Infinitely Losing My Edge
Yeah, I'm losing my edge.
I'm losing my edge.
The kids are coming up from behind.
I'm losing my edge.
I'm losing my edge to the kids from Denmark and from Houston.
But I was there.
I was there in 1984.
I was there at the first Arcadia show in London.
I'm losing my edge.
I'm losing my edge to the kids whose footsteps I hear when they get on the decks.
I'm losing my edge to the internet seekers who can tell me every member of every good group from 1960 to 1974.
I'm losing my edge.
To all the kids in Stockholm and Bologna.
I'm losing my edge to the art-school Lille kids in little jackets and borrowed nostalgia for the unremembered nineties.
I'm losing my edge.
I'm losing my edge.
I can hear the footsteps every night on the decks.
But I was there.
I was there in 1971 at the first Neu! practice in a loft in Düsseldorf.
I was working on the clarinet sounds with much patience.
I was there when Tom Verlaine started up his first band.
I told him, "Don't do it that way. You'll never make a dime."
I was there.
I was the first guy playing Interpol to the rap kids.
I played it at the Astoria.
Everybody thought I was crazy.
We all know.
I was there.
I was there.
I've never been wrong.
But I'm losing my edge to better-looking people with better ideas and more talent.
And they're actually really, really nice.
I'm losing my edge.
I heard you have a compilation of every good song ever done by anybody.

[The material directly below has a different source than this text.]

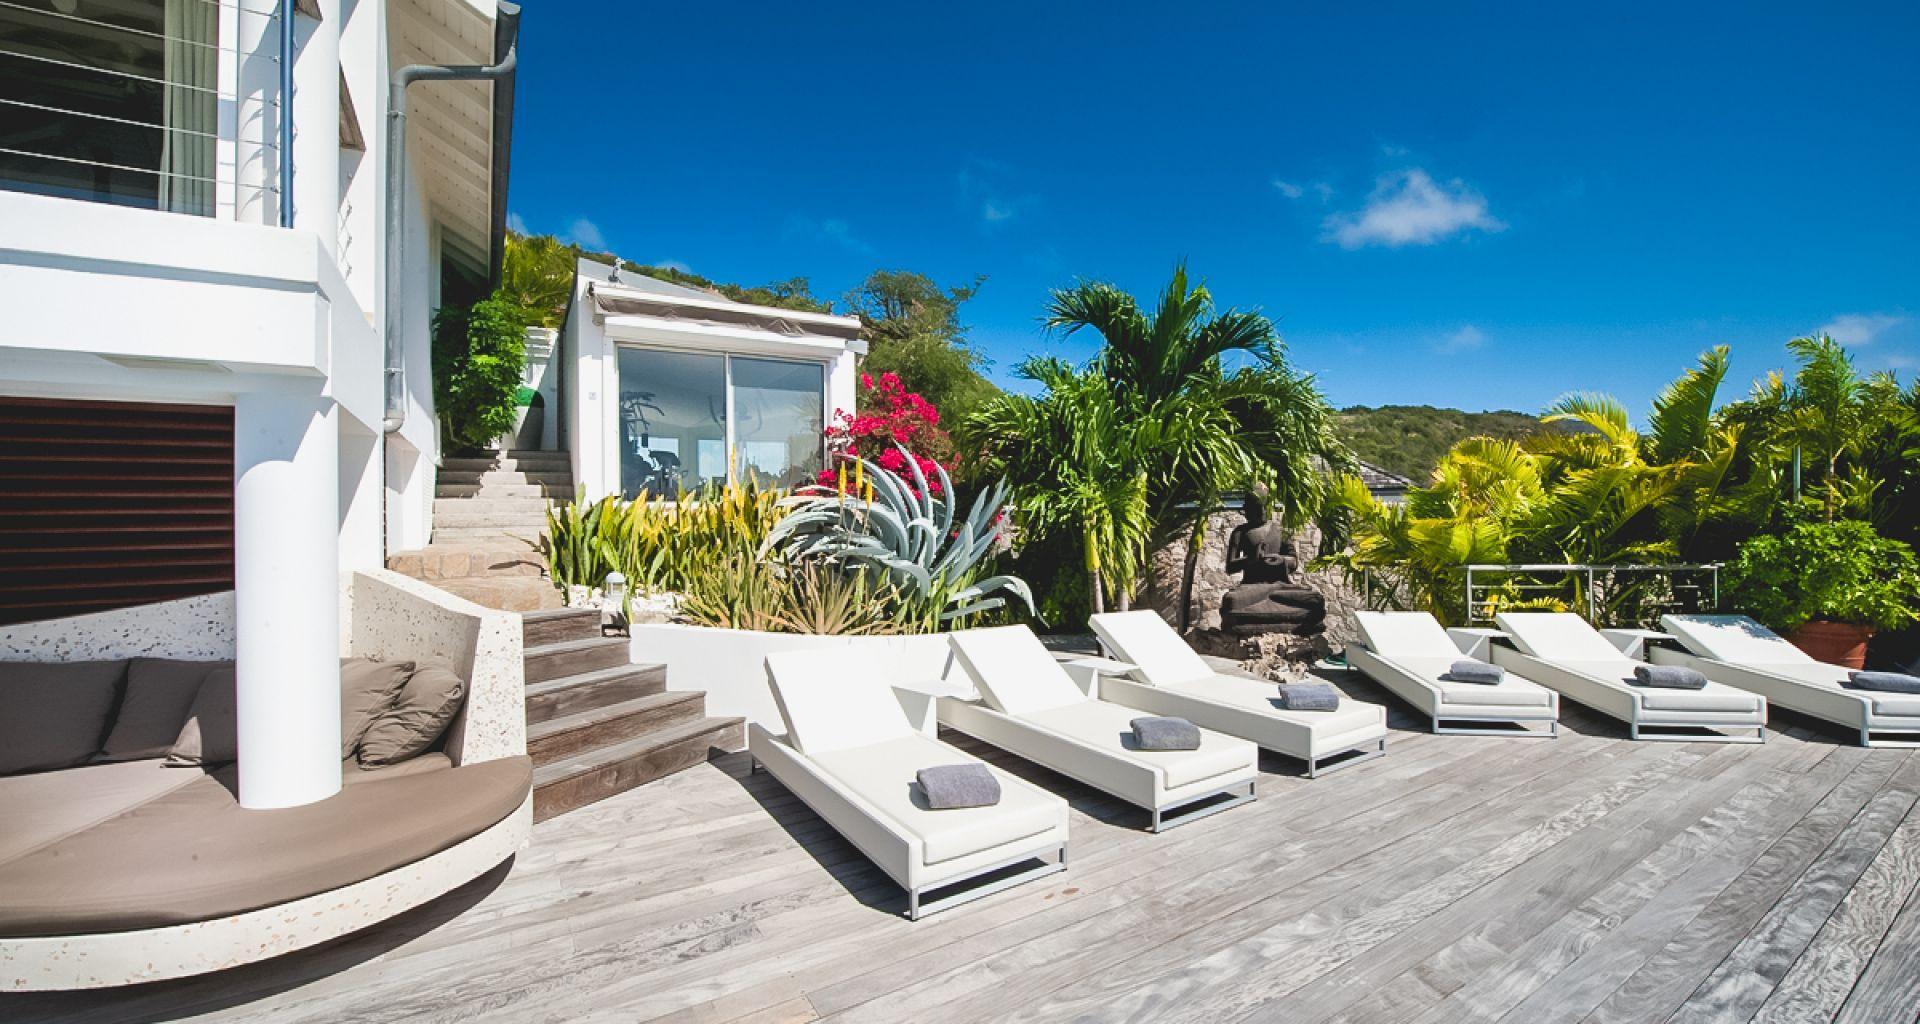 Villa Gouverneur Dream, St-Barts, Caribbean
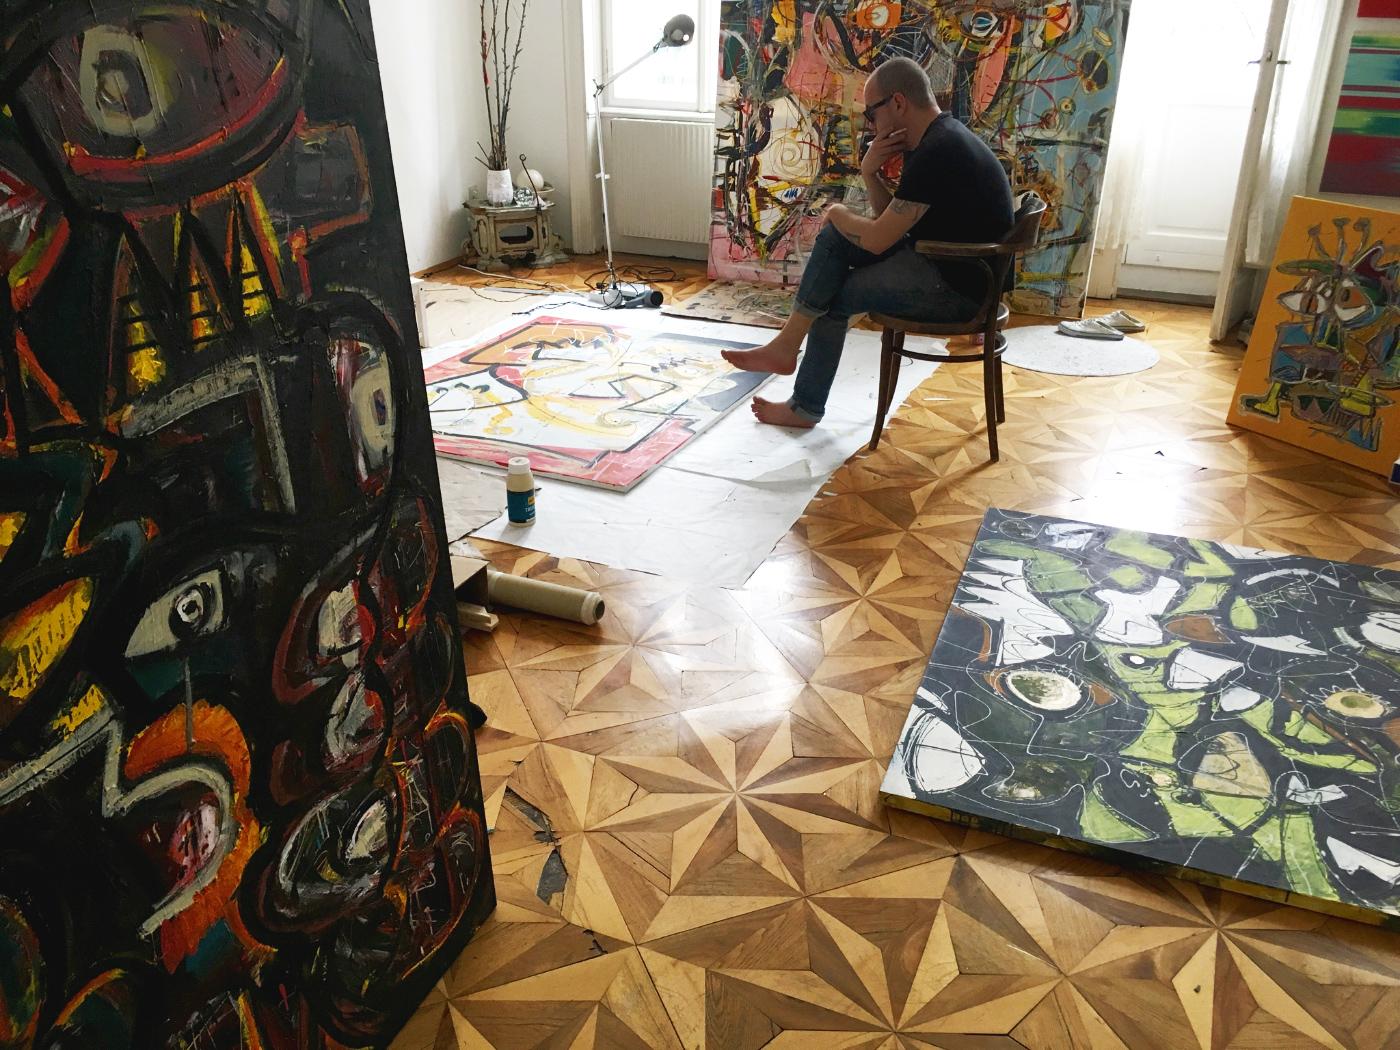 Adalierd_Painting_Abstract_Art_Contemporary_Vienna_2019_Parallel_Art_Collector_Adviser_Rob_Adalierd.jpg

Every great song by Freddie Wadling. All the underground hits.
All Oppenheimer Analysis tracks. I heard you have a vinyl of every N.O.R.E. Featuring Pharrell record on German import.
I heard that you have a white label of every seminal grunge hit - 1985, '86, '87.
I heard that you have a CD compilation of every good '50s cut and another box set from the '90s.
I hear you're buying a harpsichord and an oboe and are throwing your macbook out the window because you want to make something real. You want to make a Average White Band record.
I hear that you and your band have sold your marimba and bought a rhodes.
I hear that you and your band have sold your rhodes and bought a marimba.
I hear everybody that you know is more relevant than everybody that I know.
But have you seen my records?
Slick Rick,
Kool G Rap & DJ Polo,
Eurythmics,
Magazine,
the Soft Cell,
Gil Scott-Heron and Jamie xx,
Kool Moe Dee,
Blossom Toes,
Television,
Yaz,
Lower 48,
Kenny Larkin,
Thompson Twins,
Tim Buckley,
Soulsonic Force,
The Fortunes,
Little Man,
Massinfluence,
Aswad,
Nirvana,
The Buckinghams,
Spandau Ballet,
The Modern Lovers,
Terror Squad Feat. Camron,
A Certain Ratio,
Godley & Creme,
Ken Boothe,
Black Moon,
The Wake,
Harry Pussy,
The Fugs,
Ash Ra Tempel,
Leonard Cohen,
The Move,
Sound Behaviour,
Minor Threat,
Boogie Down Productions,
the Normal,
K-Klass,
La Düsseldorf,
Ituana,
The Dead C,
John Coltrane,
The Golliwogs,
Oneida,
Bizarre Inc.,
Lou Christie,
DJ Style,
Cabaret Voltaire,
R.M.O.,
FM Einheit,
Byron Stingily,
Scrapy,
Intrusion,
Groovy Waters,
Hardrive,
Vaughan Mason & Crew,
Grandmaster Flash,
The Raincoats,
Terry Callier,
Gang of Four,
Barrington Levy, Barrington Levy, Barrington Levy, Barrington Levy.
You don't know what you really want.
You don't know what you really want.
You don't know what you really want.
You don't know what you really want.
You don't know what you really want.
You don't know what you really want.
You don't know what you really want.
You don't know what you really want.
You don't know what you really want.
You don't know what you really want.
You don't know what you really want.
You don't know what you really want.
You don't know what you really want.
You don't know what you really want.
You don't know what you really want.